Musings on children's and YA literature, the academy, and the relationship between them, from an English professor and mother.

Wednesday, June 25, 2008

Movie Minutes

I've seen three movies in theaters in the last two weeks--this must be some kind of record! (And, hmm, yes, I was pushing to meet a deadline, why do you ask?)

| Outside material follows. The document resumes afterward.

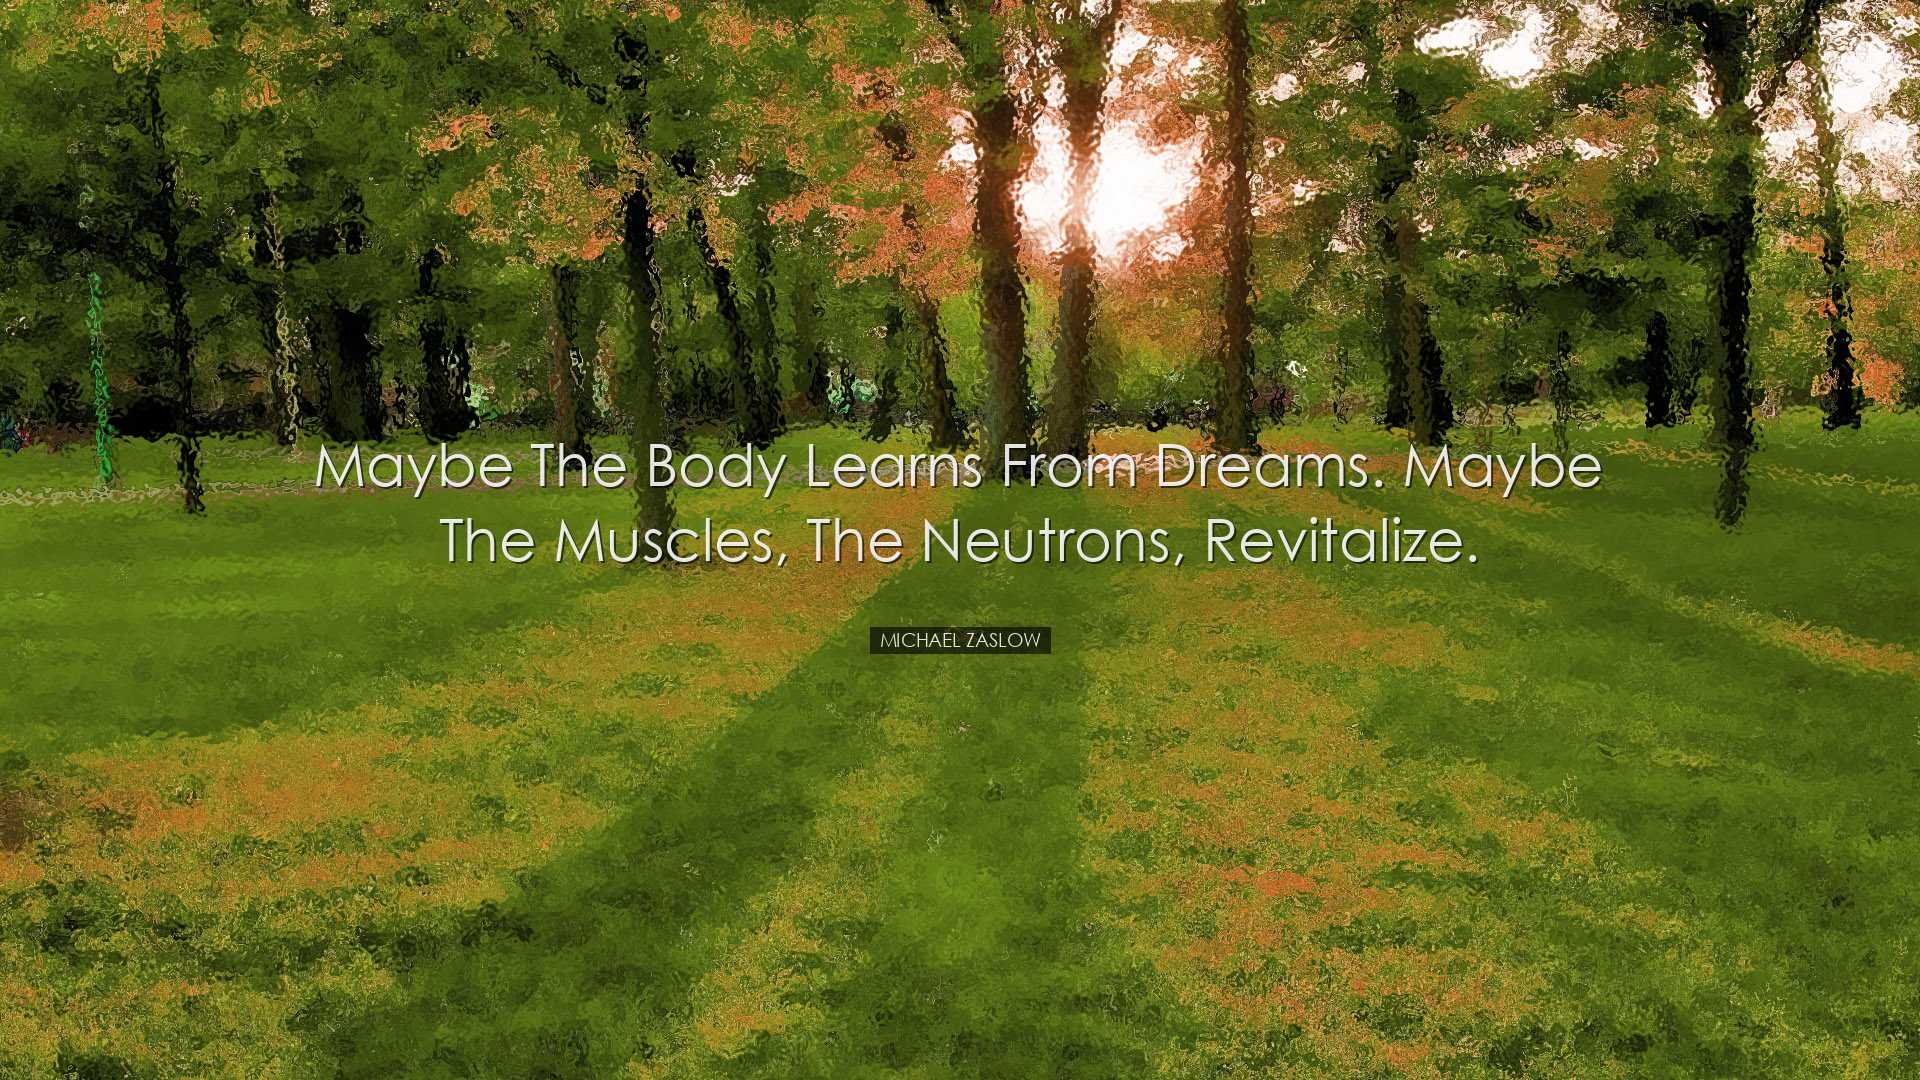 Maybe the body learns from dreams. Maybe the muscles, the neutrons

  • The Chronicles of Narnia: Prince Caspian. Having been pleasantly surprised by the first installment in this series, I was really looking forward to the second. Yes, I'd been warned, but I was still hopeful. Alas, I should have heeded the warning. I didn't find the racism as bad as it was in the book--but that's small praise, really, as it is in this one, The Horse and His Boy, and to some extent The Last Battle, that Lewis's pro-Northern biases really come through. And I didn't find it as sickeningly violent as Kelly did, either, though that may reflect more on me (and my tolerance of violence in movies) than on the movie. Certainly there was a higher ratio of battle scene to character development than I would have liked, though. Reepicheep, Trumpkin, and Nikabrik are all barely developed; even the kids are far less developed than they are in the first movie. Caspian is, of course, movie-star handsome--but did we need a hinted-at romance between him and Susan? Why, no, we did not.

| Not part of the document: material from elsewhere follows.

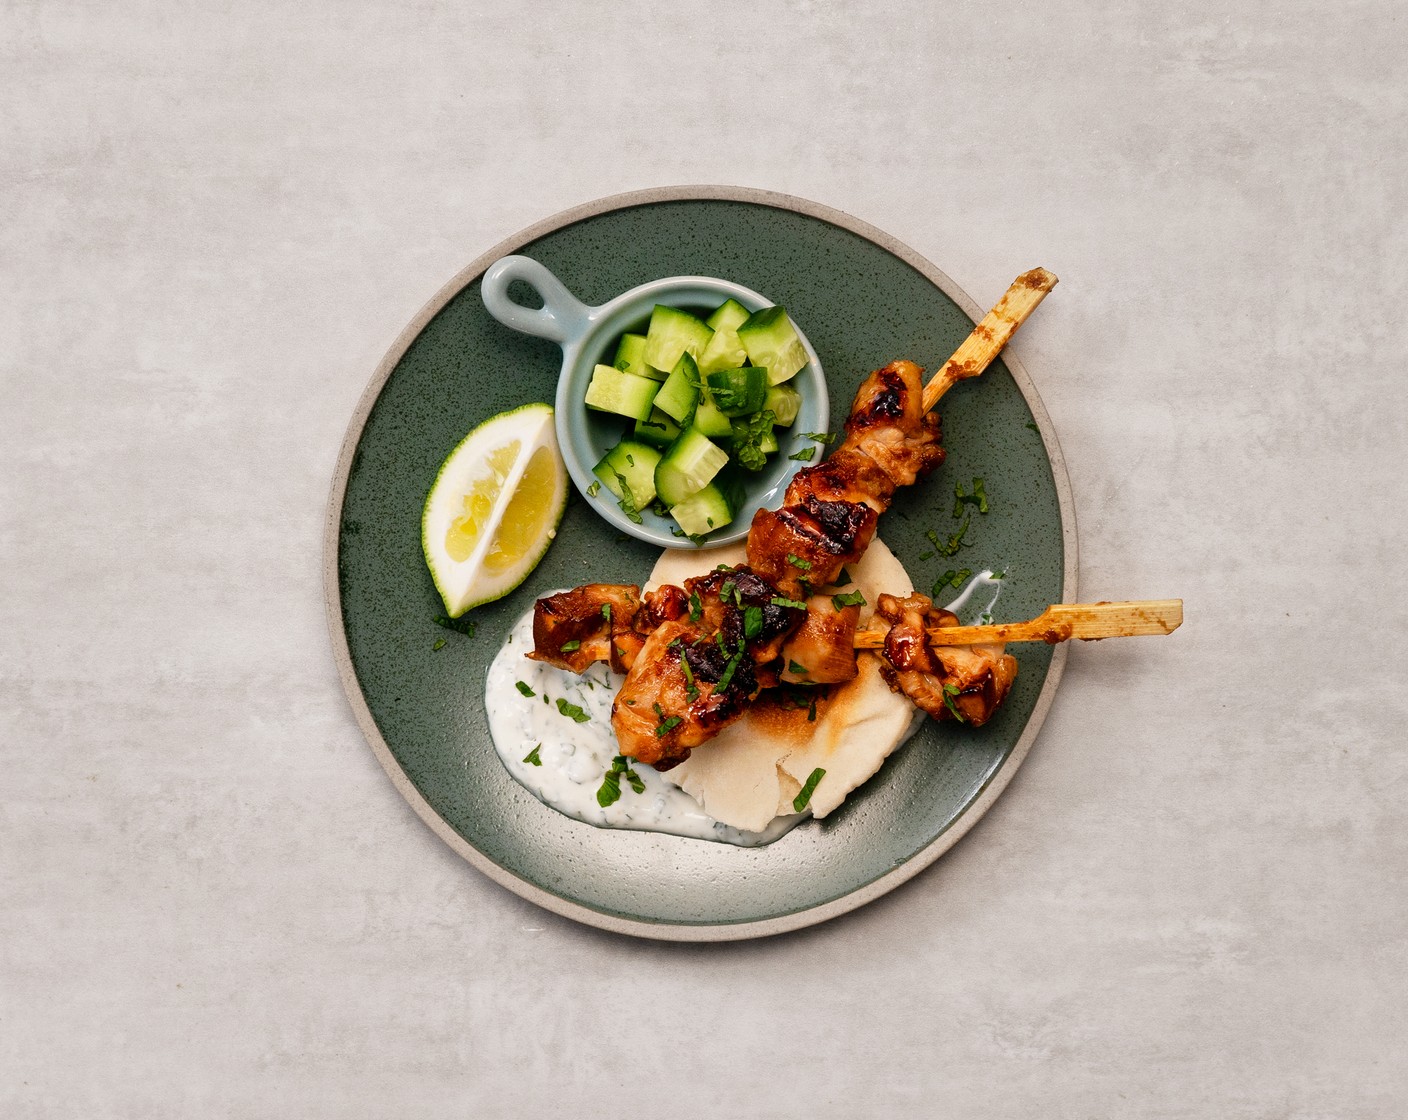 Lime & Chili Chicken Skewers

  • Baby Mama: No, it's not a kids' movie. It's not even really about kids--it's about the desire for kids. That aside, it's a fun, smart, silly update of Working Girl. (I love the Sigourney Weaver role in Baby Mama, which is just completely ridiculous.) I could talk about the cultural construction of motherhood and the ways in which the film deploys its stereotypes of the working class without really deconstructing them--but, to be honest, I laughed too hard to make that any fun.

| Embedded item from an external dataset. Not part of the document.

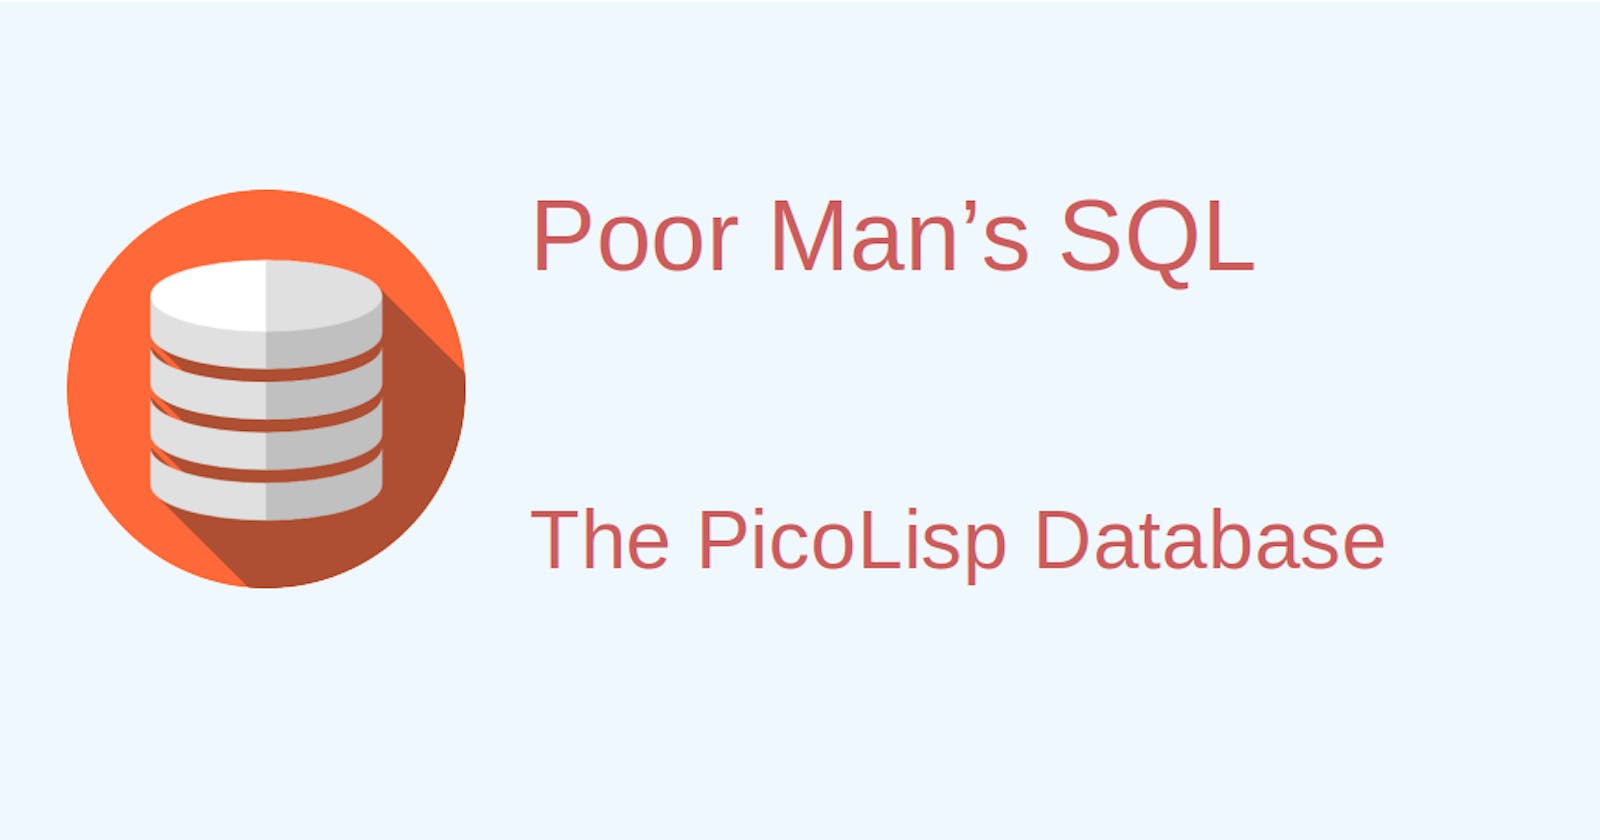 "Poor Man's SQL": Accessing the PicoLisp Database with SELECT

  • The Visitor. Again, not a kids' movie. But the best movie I've seen in a long time. Probably the most honest depiction of professorial burnout I've ever seen (sigh), as well as an extended meditation on what it means to be "home" or "away" (two central concepts in children's literature, after all). This is a slow-moving, meditative movie, not "entertaining" in the Hollywood sense, but beautifully done. See it if you can.